Exercise goal
Having located the line with "Epoxy Resin Stabilizing", print it and each remaining line exactly, stopping at the end of the material and omitting pictures.

Material for this task
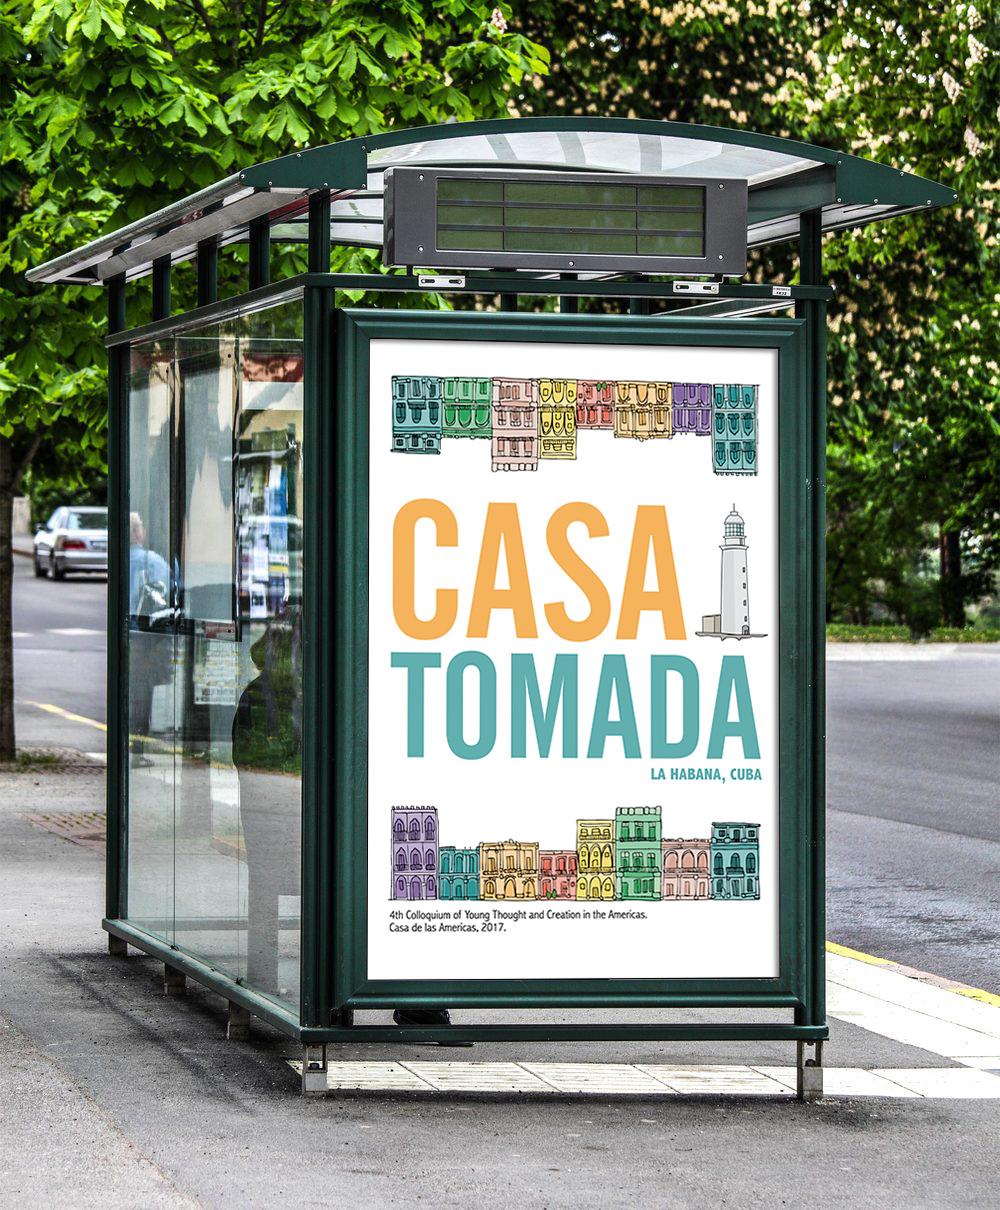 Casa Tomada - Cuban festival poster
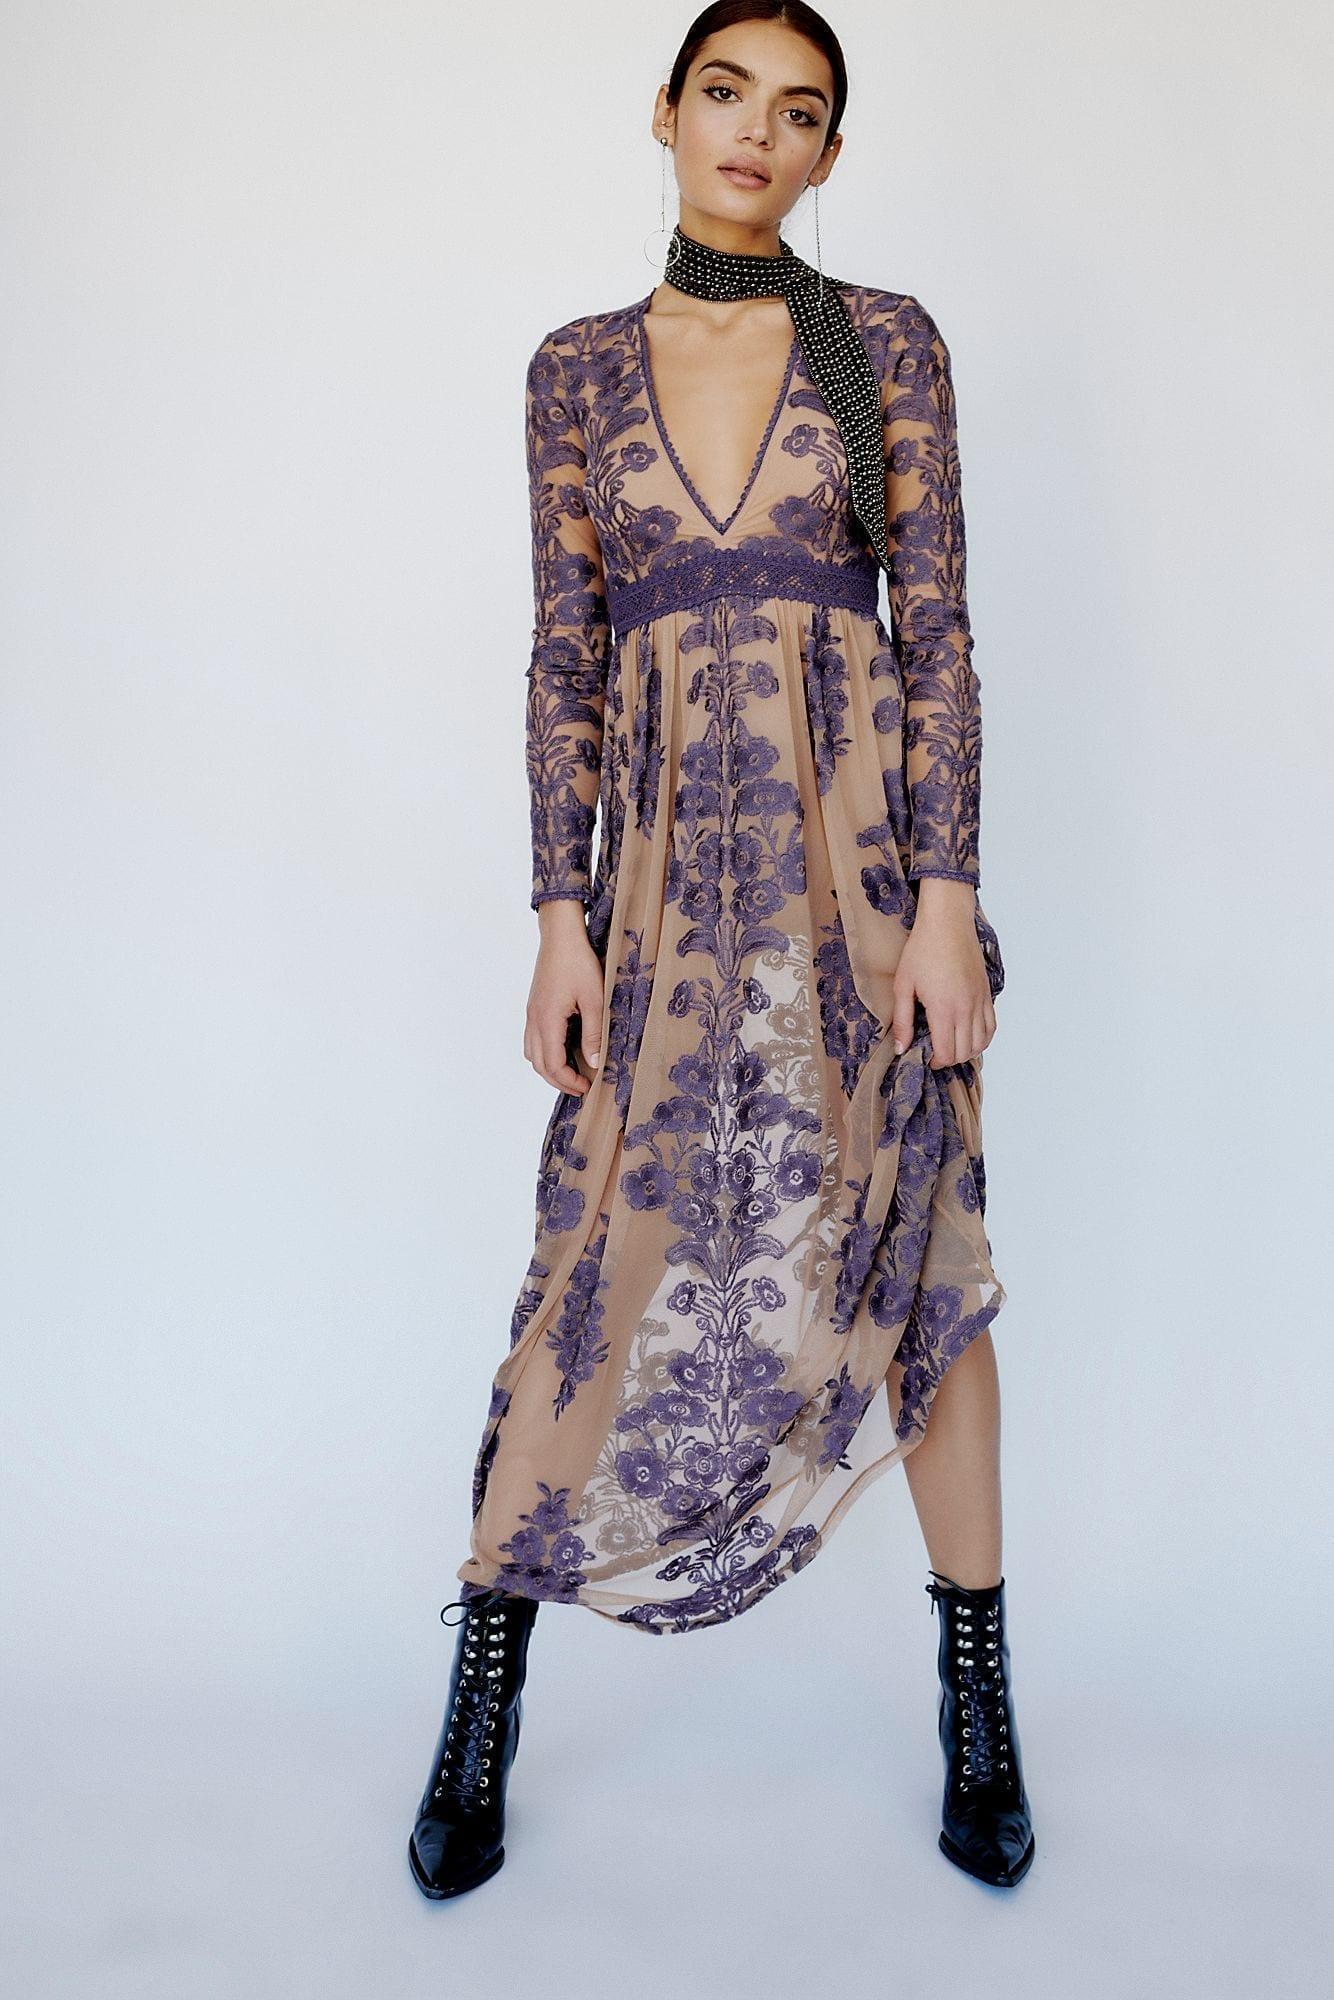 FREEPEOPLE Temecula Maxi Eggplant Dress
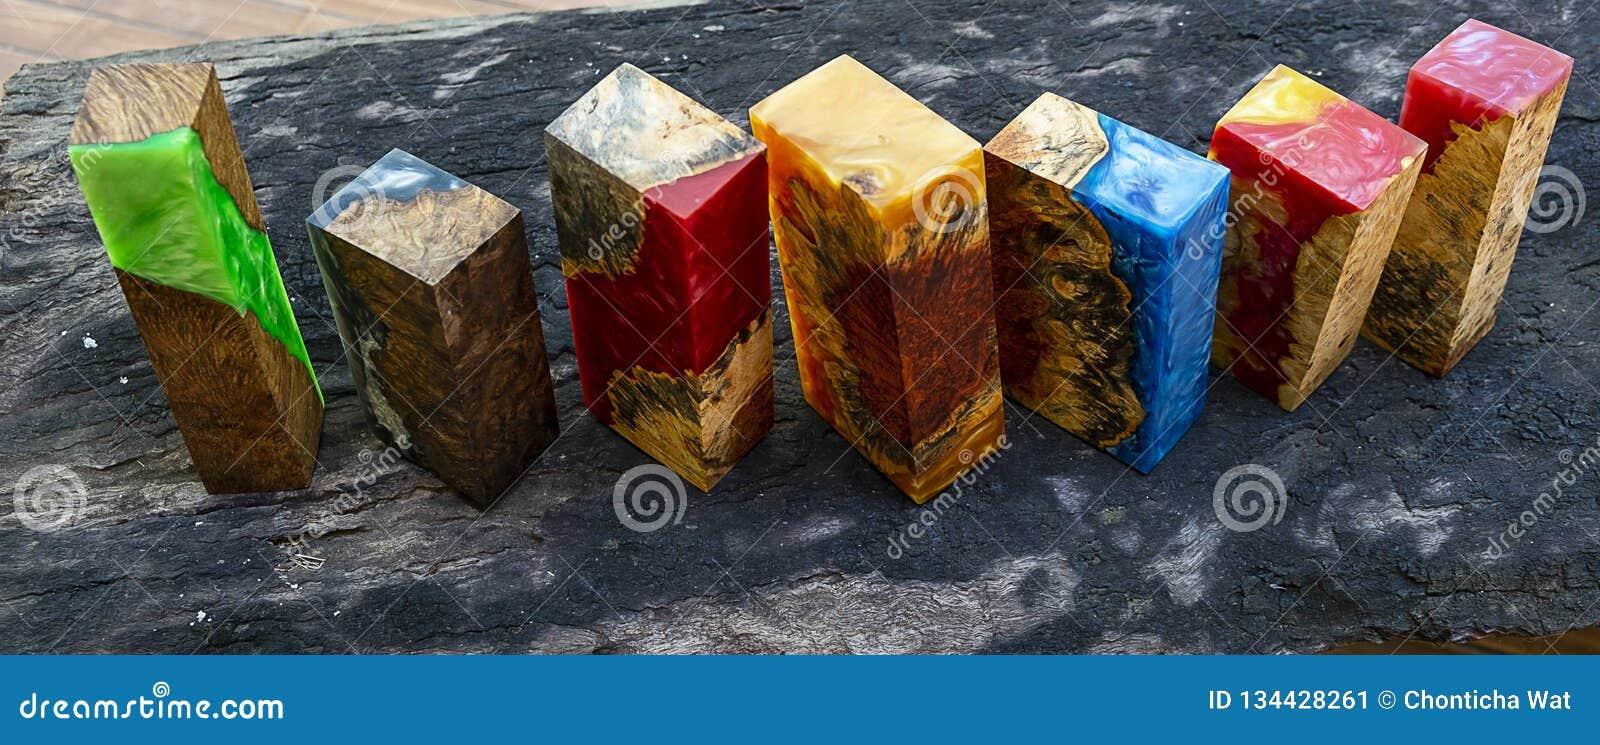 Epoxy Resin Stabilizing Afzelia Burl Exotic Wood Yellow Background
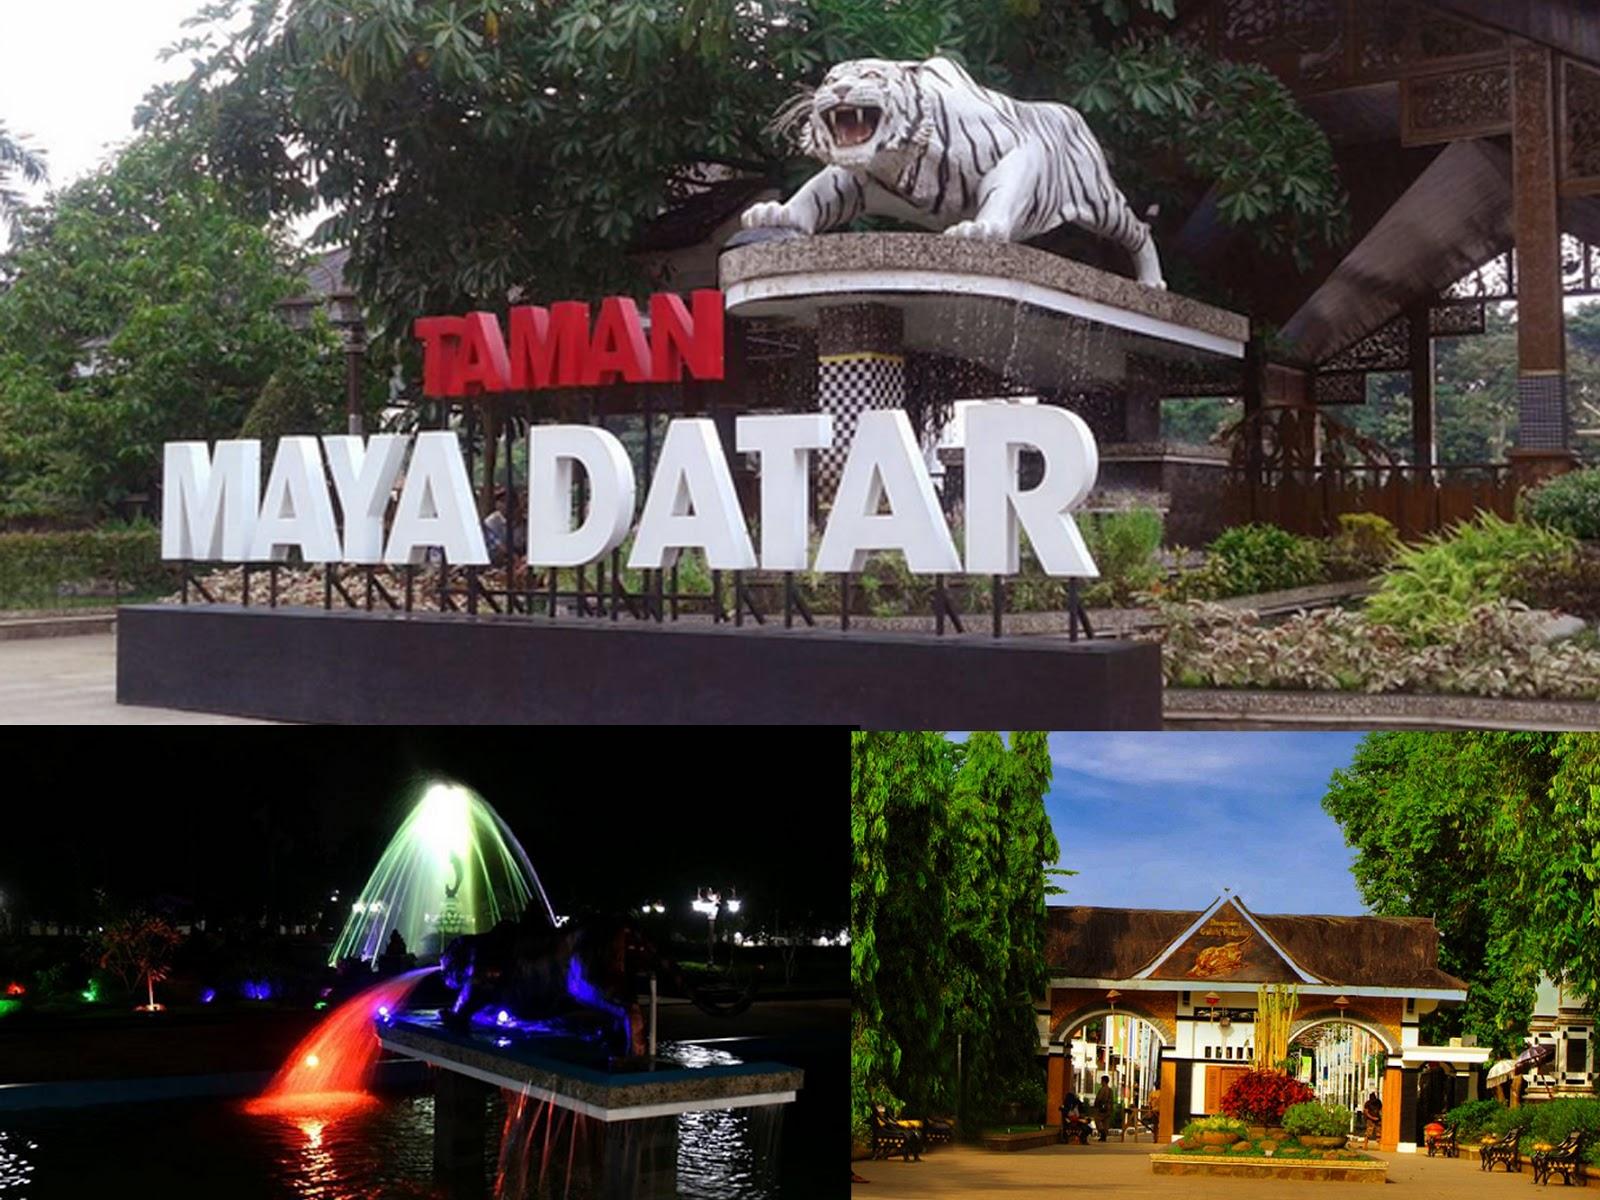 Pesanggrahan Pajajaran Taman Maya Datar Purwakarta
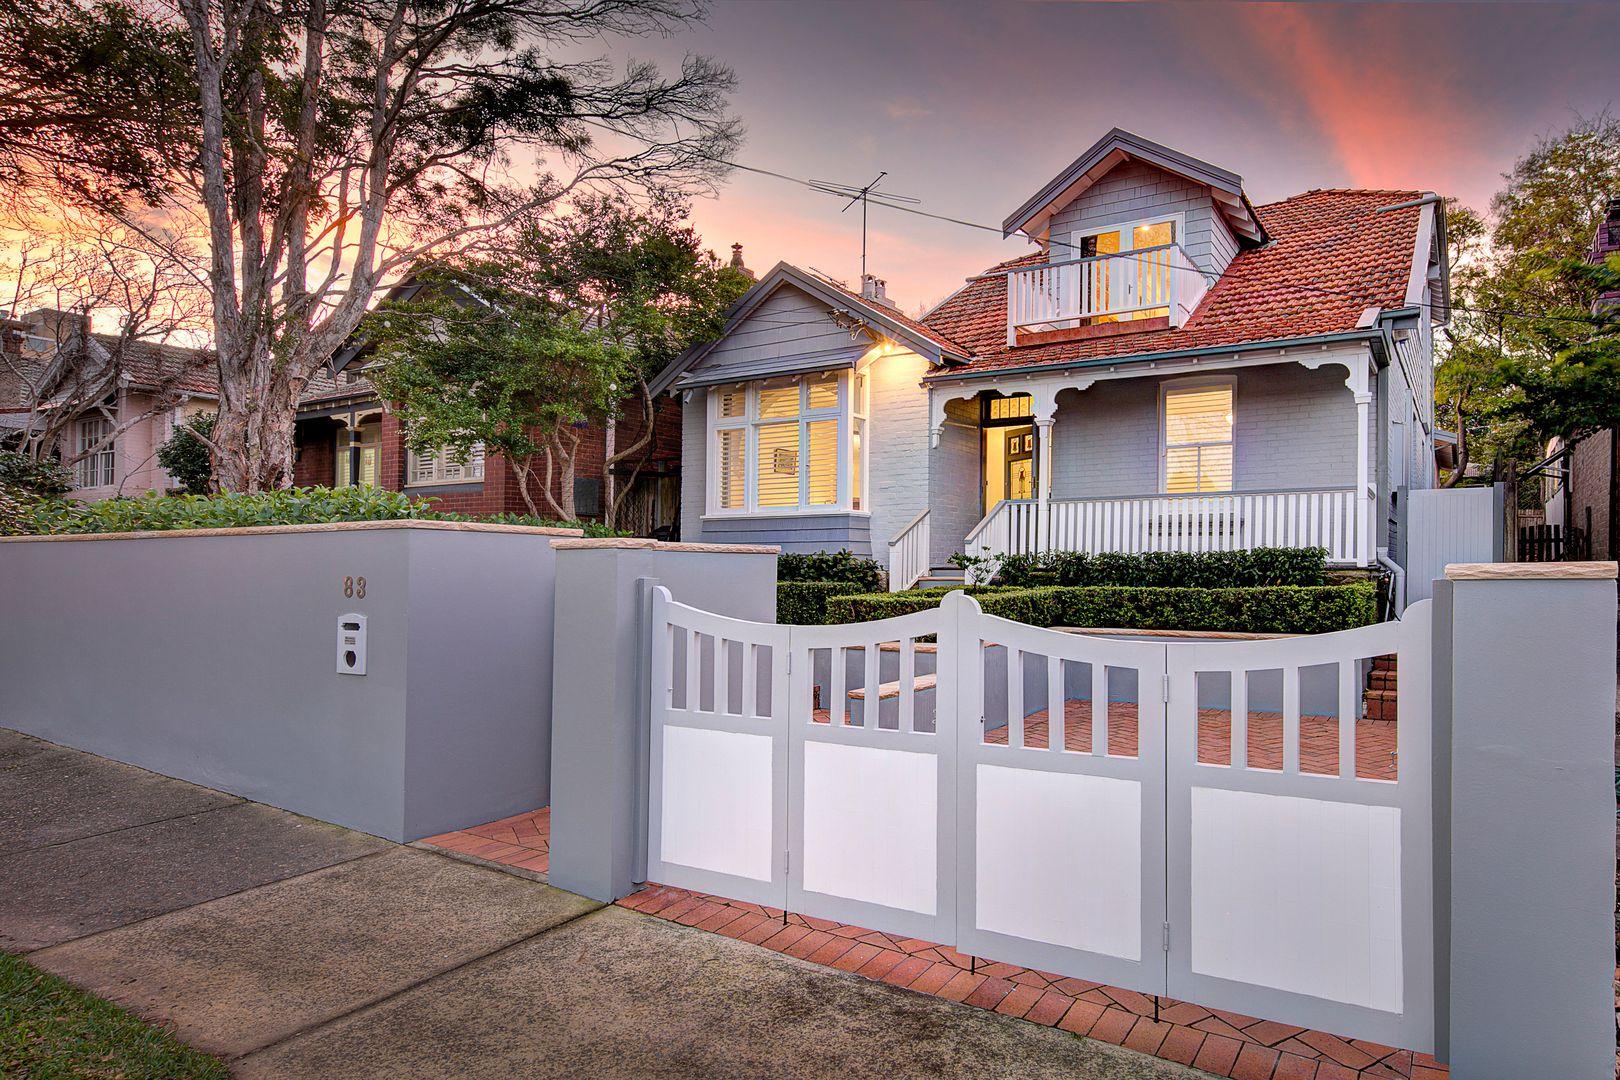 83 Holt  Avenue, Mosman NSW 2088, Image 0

Response to the task
 Epoxy Resin Stabilizing Afzelia Burl Exotic Wood Yellow Background
 Pesanggrahan Pajajaran Taman Maya Datar Purwakarta
 83 Holt  Avenue, Mosman NSW 2088, Image 0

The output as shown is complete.